Buyers who can contract for large purchases also press hard for price concession, delayed payments or returned products. All of these can sink an undercapitalized company. In oil and gas industry, buyers are powerful because each buyer purchases in large volume, buyers face few switching costs in changing vendors (Porter, 2008). Moreover, some buyers are intermediate customers. They buy crude oil as oil traders then gain bargaining power as they can affect the purchasing decisions of downstream customers (Porter, 2008).
Power of suppliers
An E&P company relies heavily on a unique input for its products such as platform, wellhead, long lead items, drilling bits which can only be supplied by a minor of technical companies such as oilfield service companies. Any delay in delivery or out of stock shall be constraints for its business. Moreover, the competition between suppliers may cause pressure on the price which leads to the price race, limits quality or shift cots to industry participants.
The threat of substitutes
A substitute which performs the same or similar functions as crude oil can be the threat for an oil and gas company.

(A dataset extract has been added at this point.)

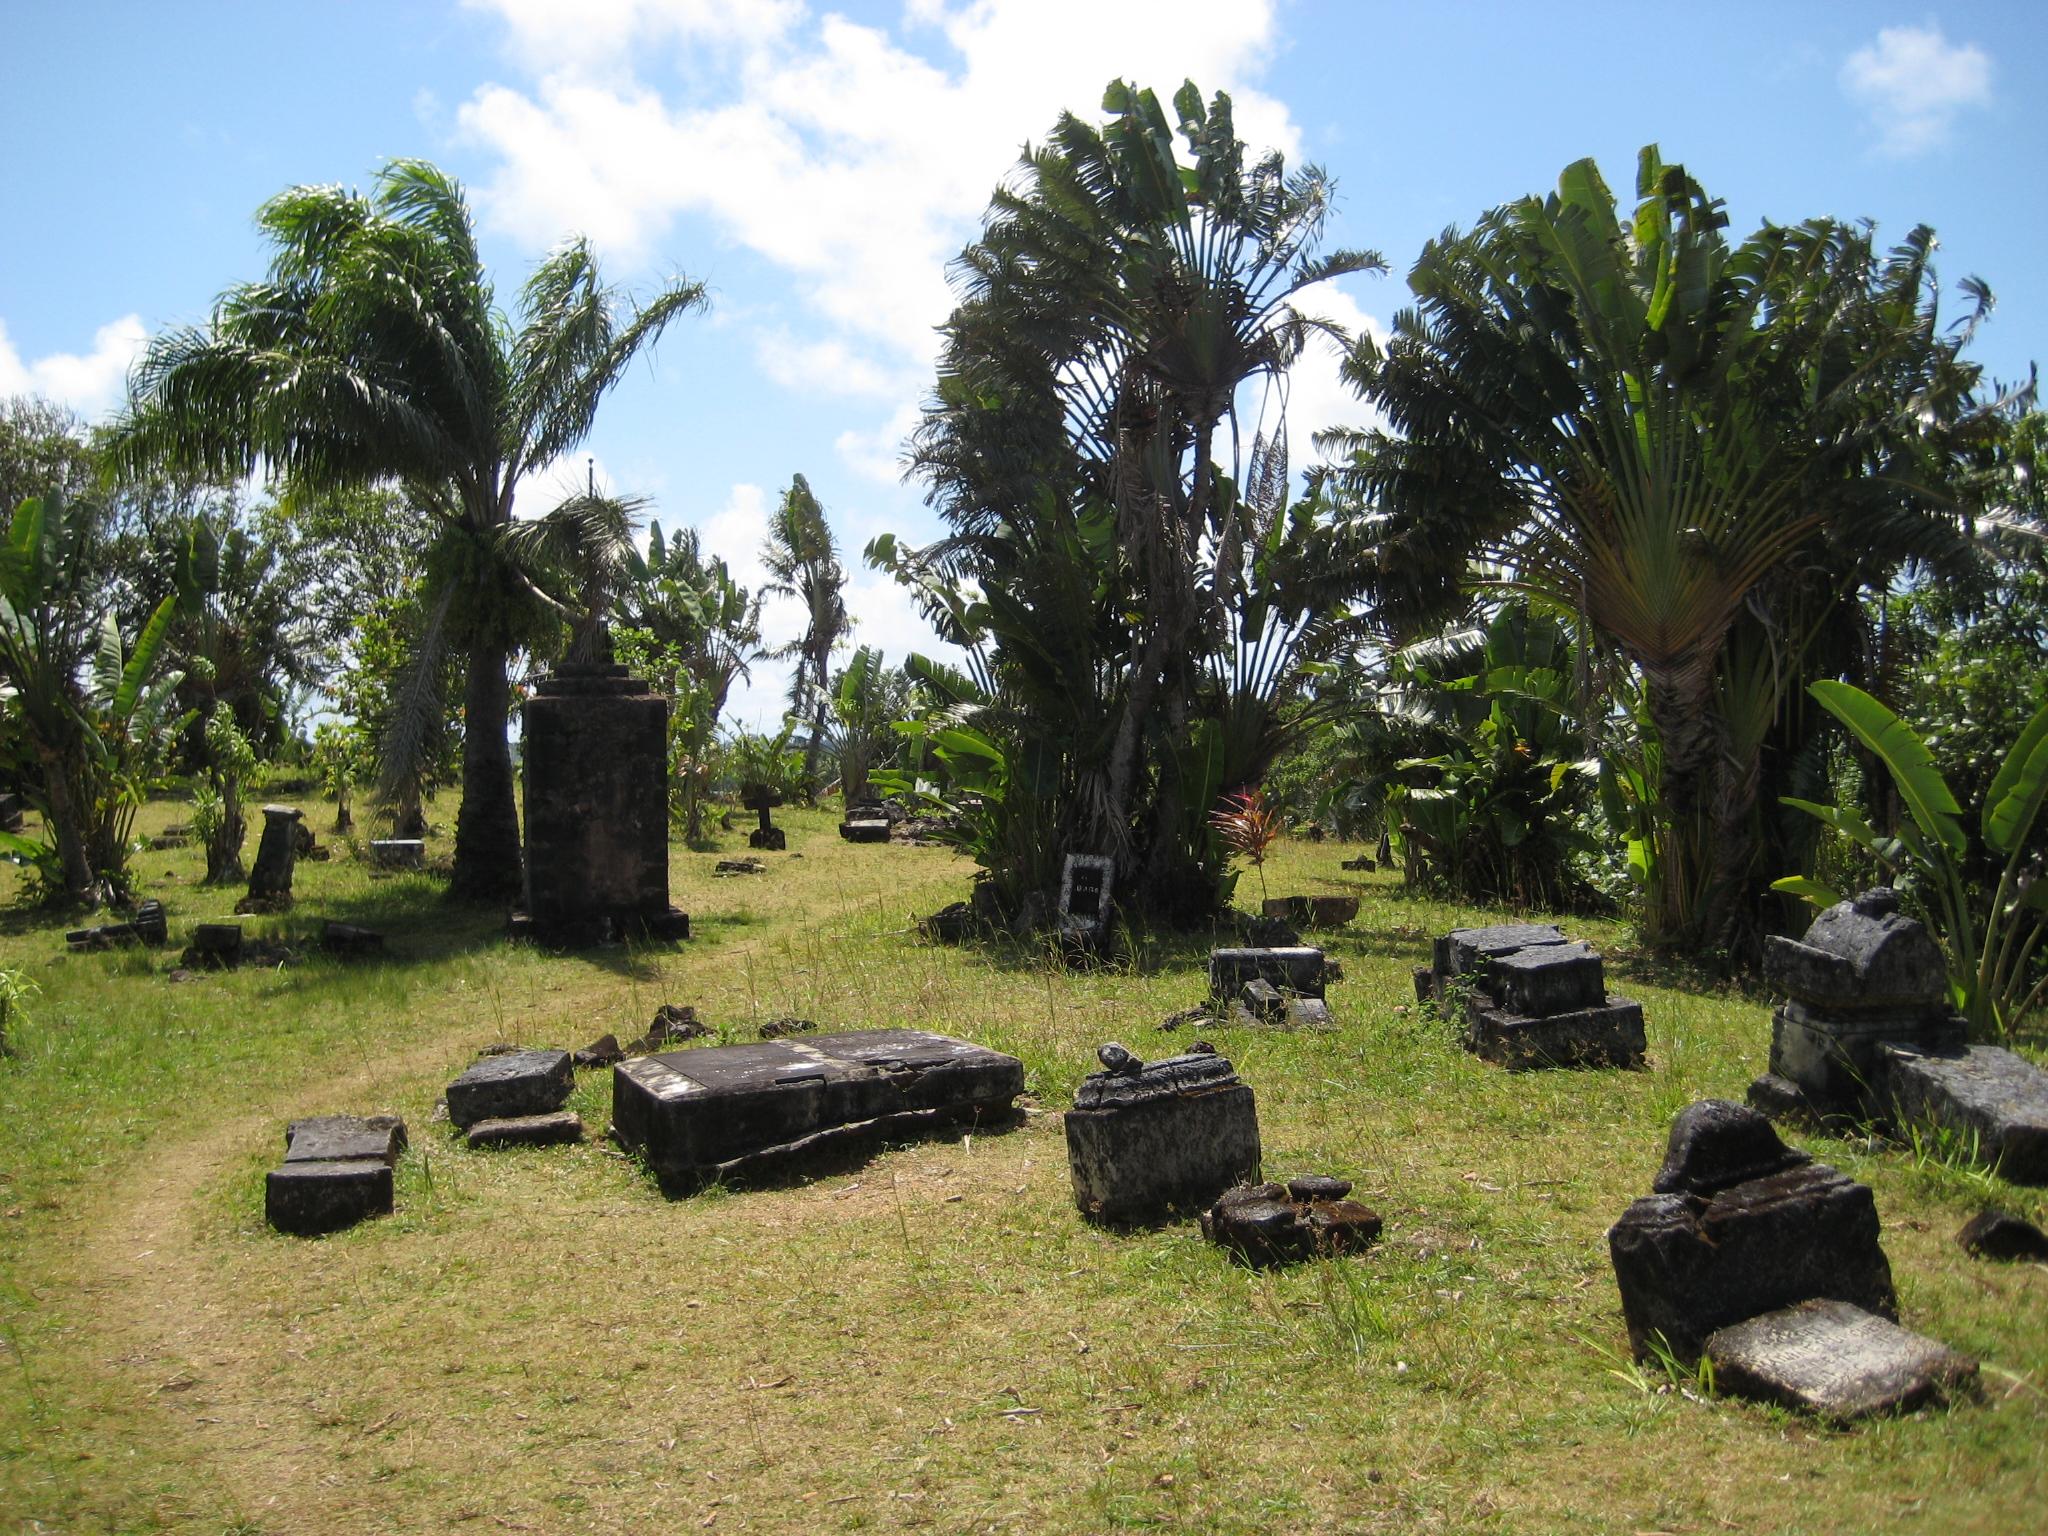 File:Pirate Cemetery, Ile Sainte-Marie.jpg

Renewable energy sources such as solar energy, nuclear power… limit the industry’s profit potential by putting a ceiling on prices (Porter, 2008).
Threat of new entrants
The profitable energy market tends to attract new entrants. They can increase the productive capacity serving the market, fight to increase market share that put pressure on prices, costs, and the rate of investment necessary to complete and even bring new resources to the competition.
The threat of entry puts a cap on the profit potential of an oil and gas industry. However, the threat of entry depends on the height of entry barriers and reaction from incumbents (Porter, 2008).
Supply-side economies of scale: new entrants will cope with supply-side economies of scale issue when they intend to come into the industry as the incumbents could produce at larger volume and enjoy lower cost per unit. If new entrants want to enter the industry on a large scale, they should accept a cost disadvantage.
Customer switching costs: in E&P sectors, customers will face high switching costs when they change suppliers. These costs could arise as oil buyers must investigate quality specification; test the compatibility of crude oil with their refinery…
Capital requirements: Large financial resources needed to invest in upstream sector can deter new entrants.
Incumbency advantages independent of size: An E&P company has quality advantage due to preferential access to the best raw material sources and highly specialized workers (Porter, 2008). New entrants may find it hard to bypass these advantages.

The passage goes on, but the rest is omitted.